#### Task input ####
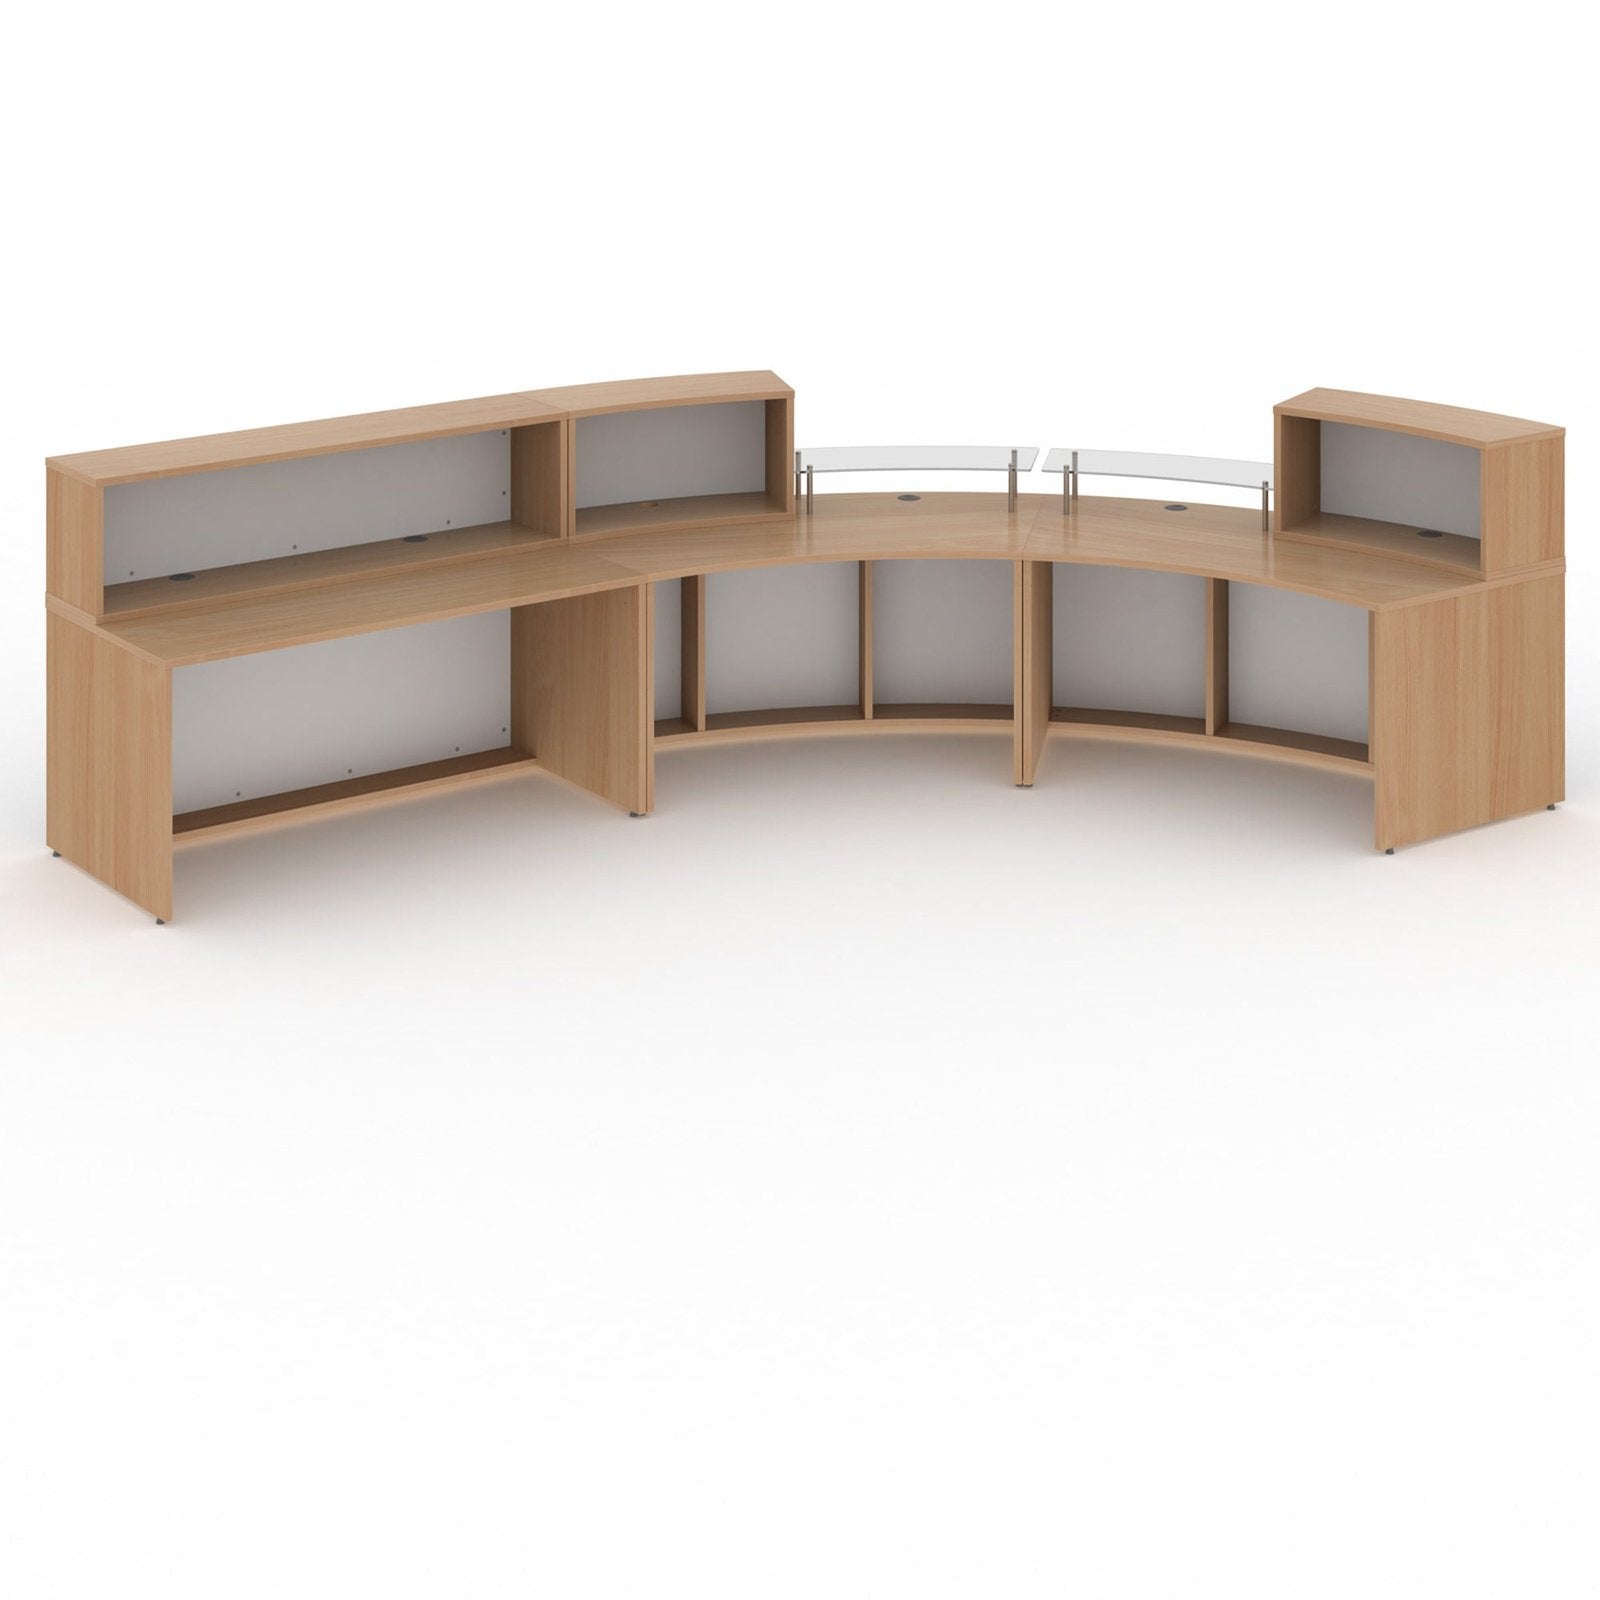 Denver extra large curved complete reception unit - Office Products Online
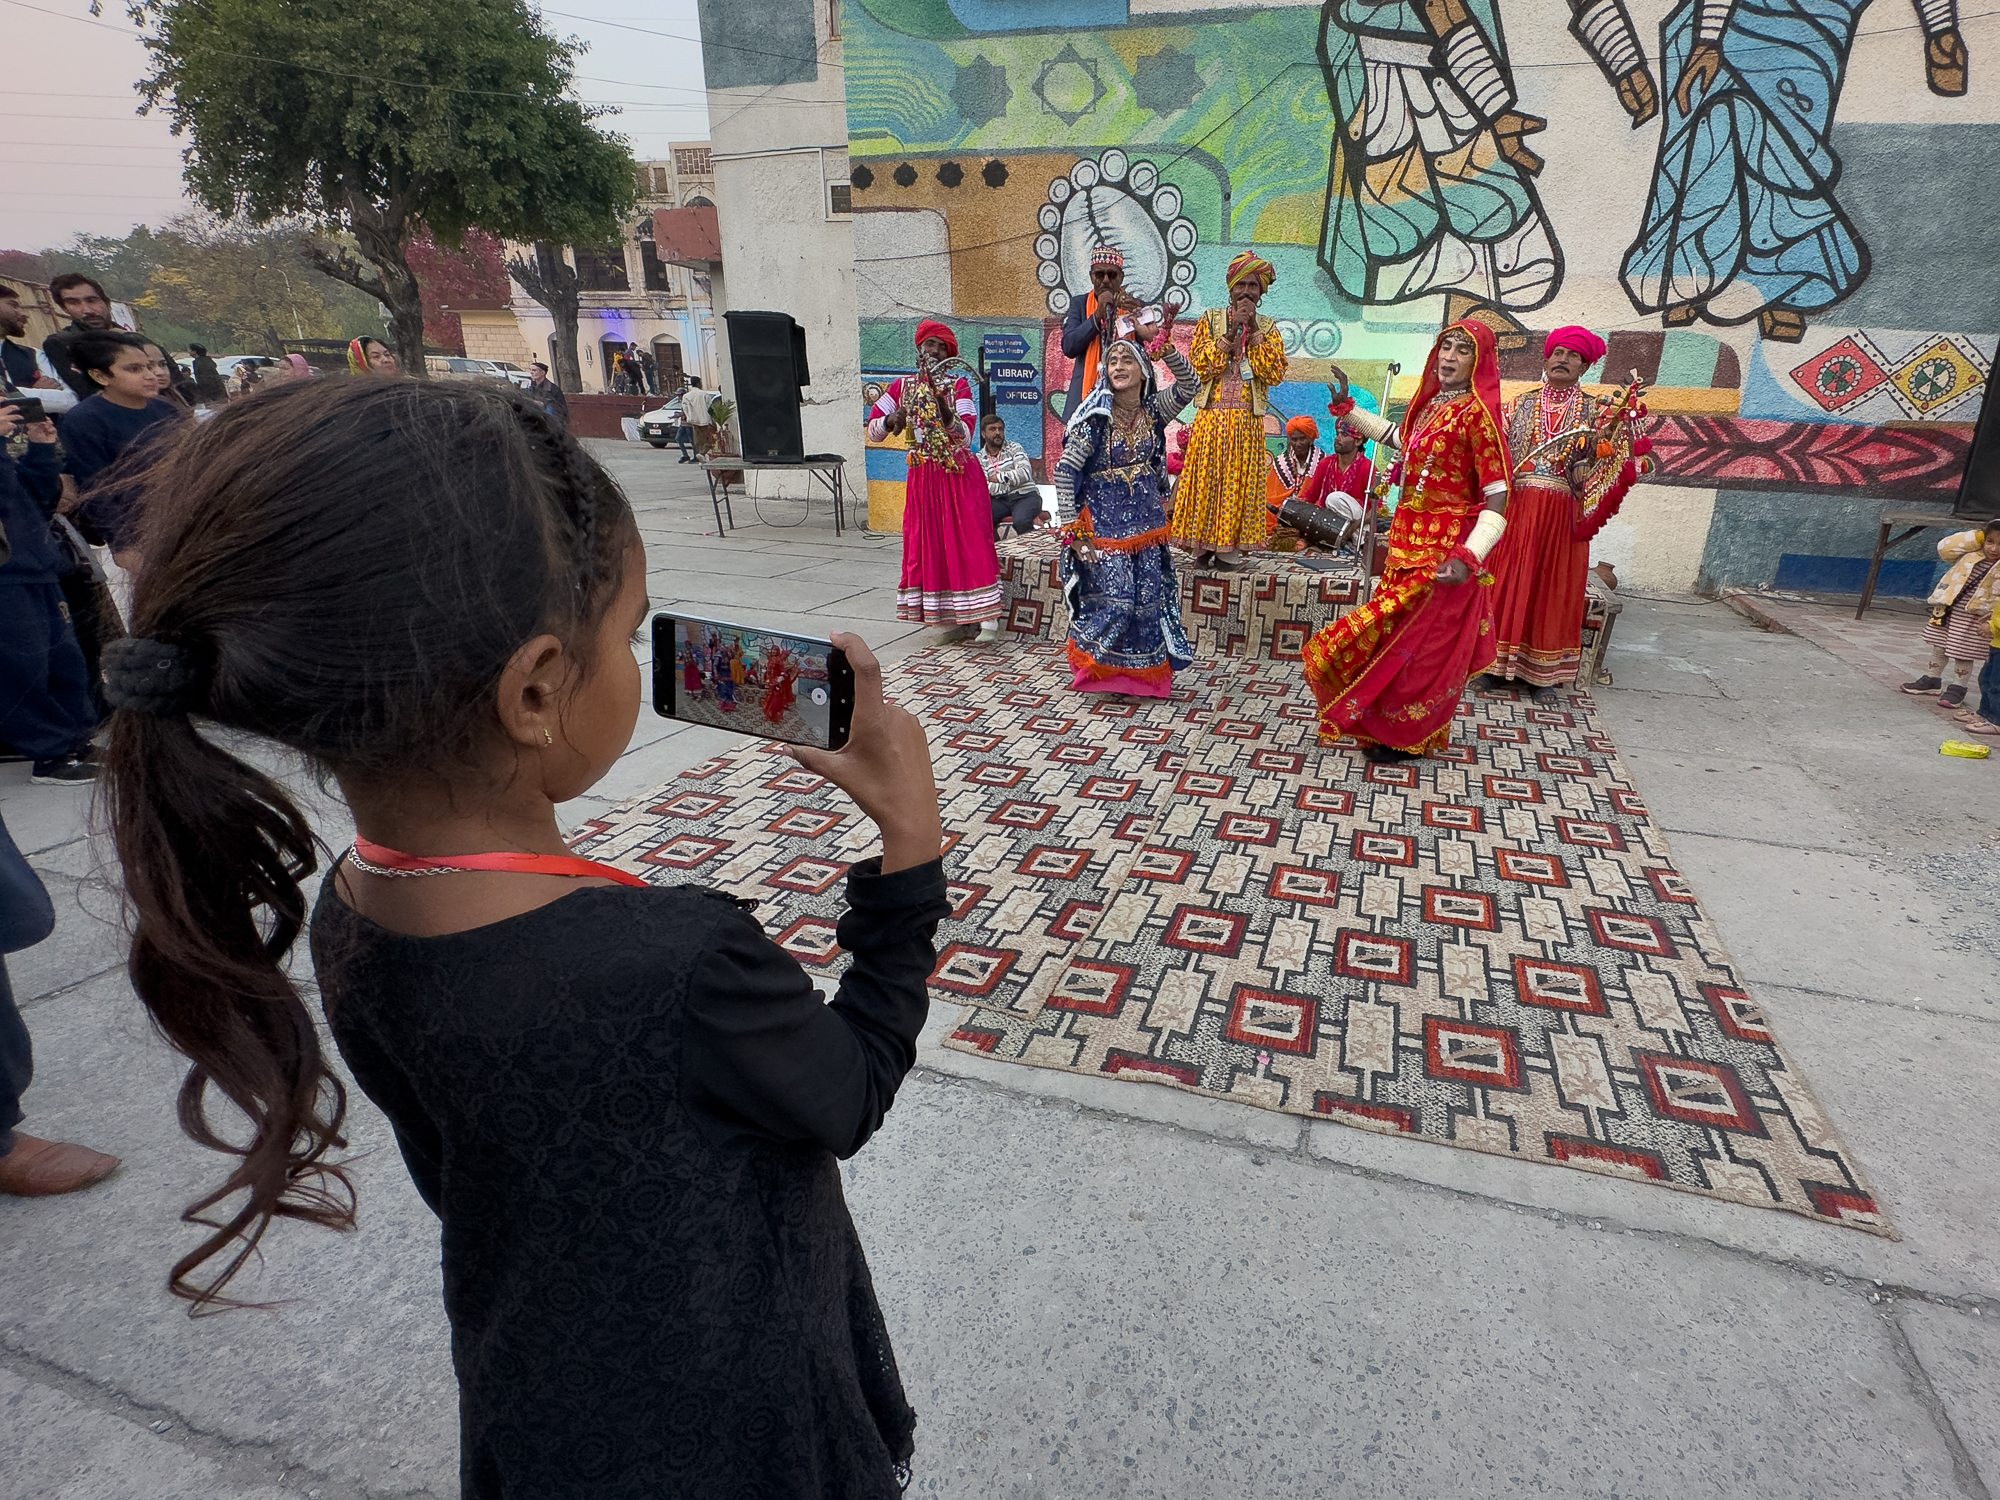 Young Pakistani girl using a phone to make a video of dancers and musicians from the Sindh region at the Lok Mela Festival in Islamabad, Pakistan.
####
#### Task input ####
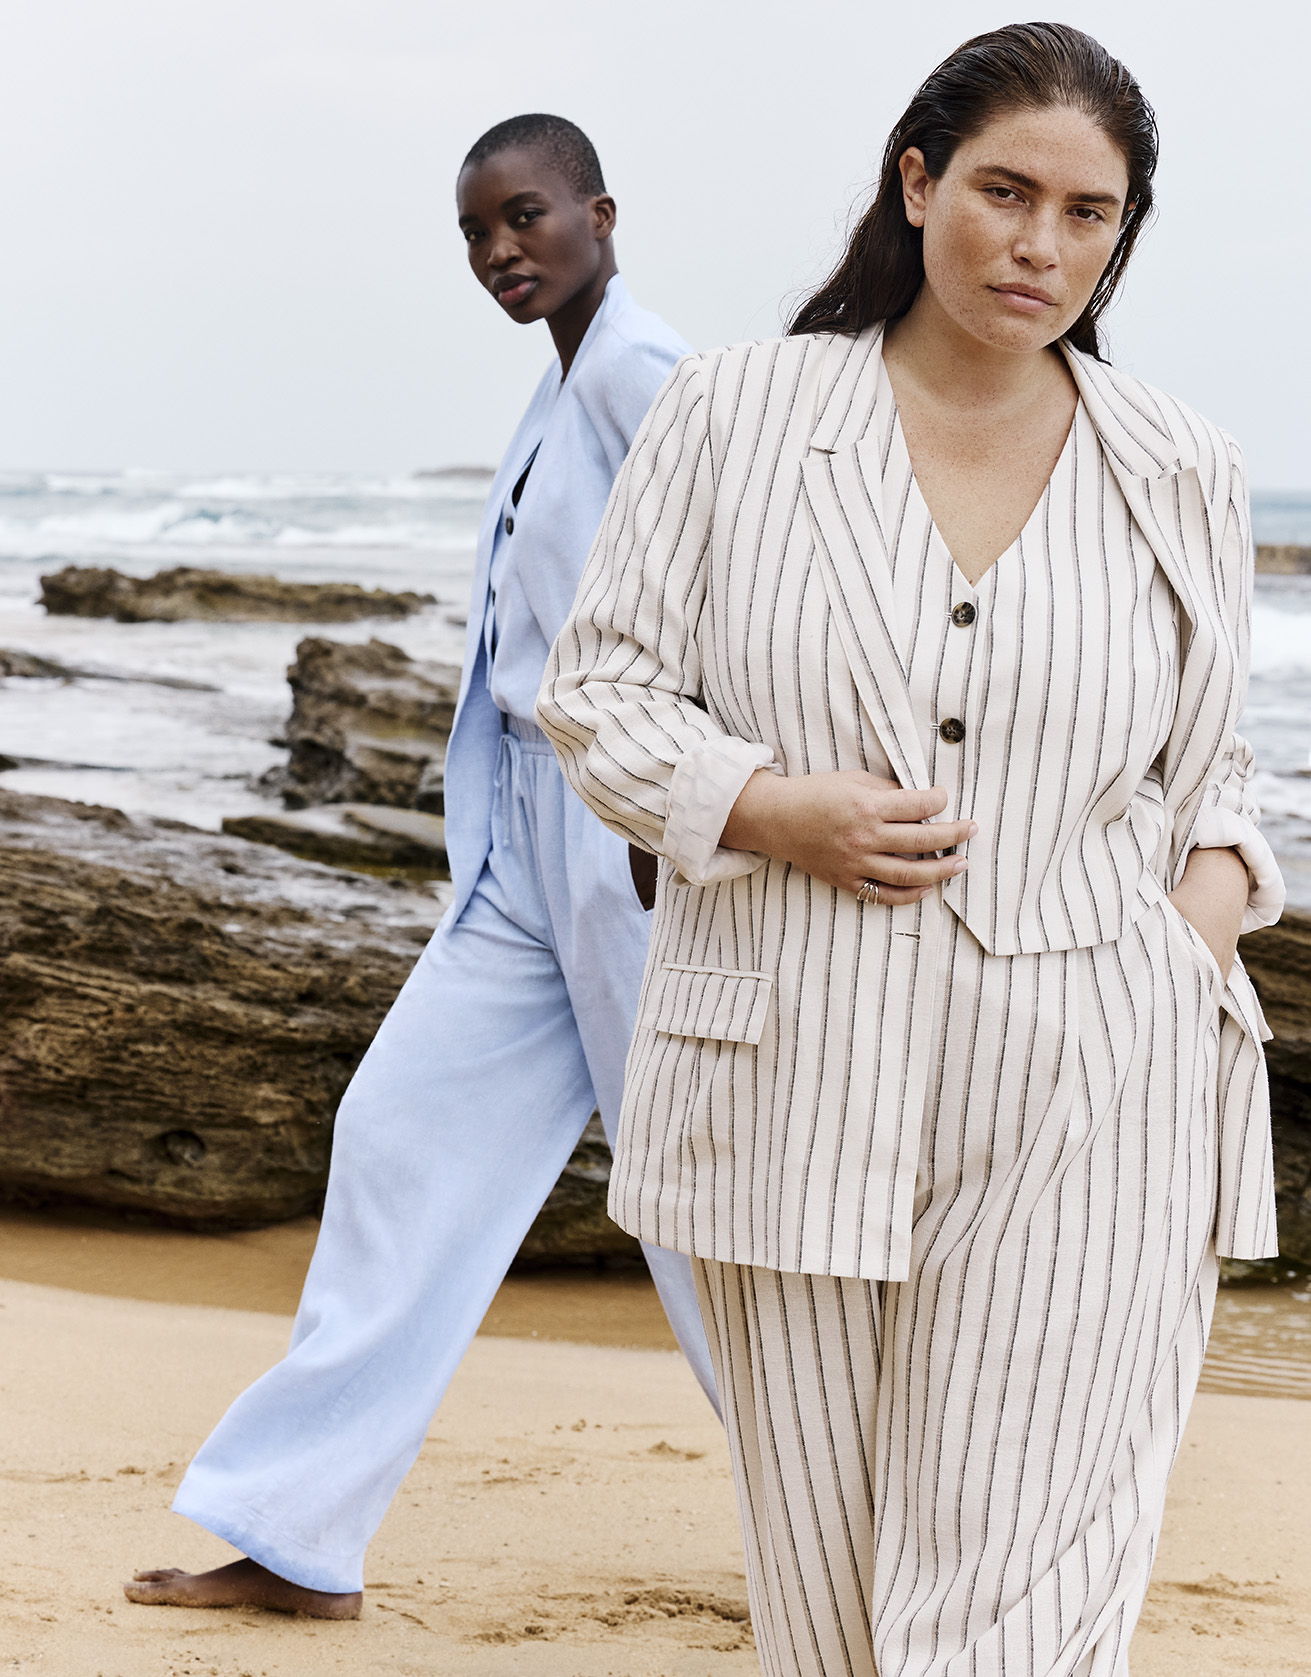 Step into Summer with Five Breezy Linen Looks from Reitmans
####
#### Task input ####
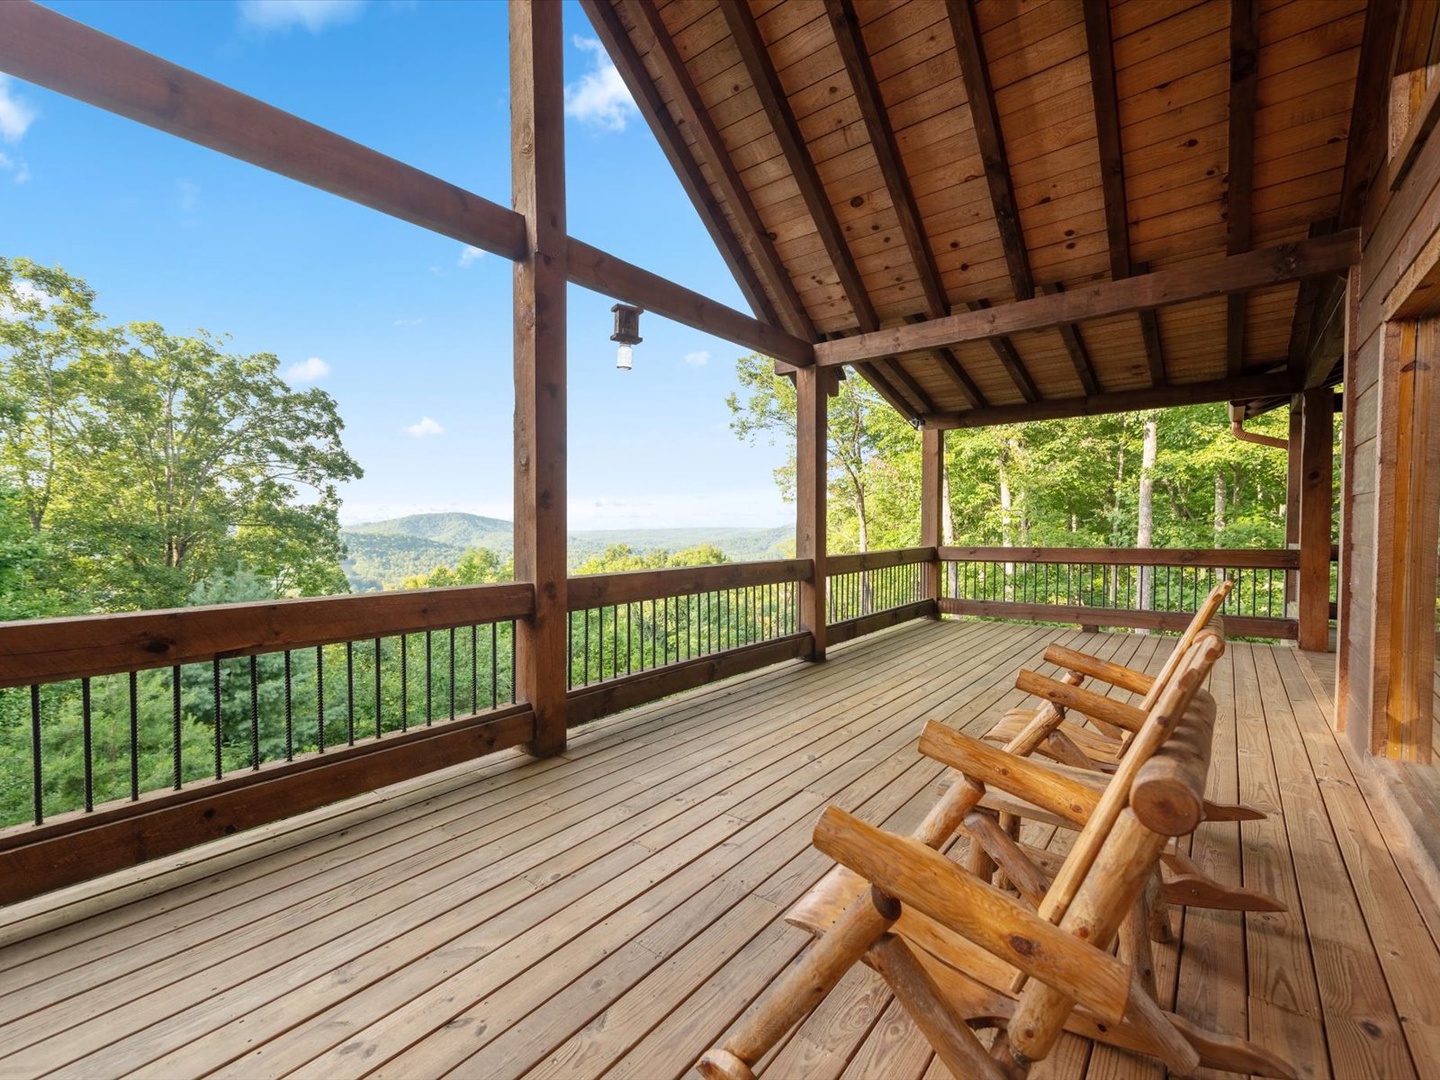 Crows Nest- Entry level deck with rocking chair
####
What is expected. Set down, exactly as written above, each line from the one with "Denver extra large" through the one with "Young Pakistani girl", and skip the pictures.

Task response.
 Denver extra large curved complete reception unit - Office Products Online
 Young Pakistani girl using a phone to make a video of dancers and musicians from the Sindh region at the Lok Mela Festival in Islamabad, Pakistan.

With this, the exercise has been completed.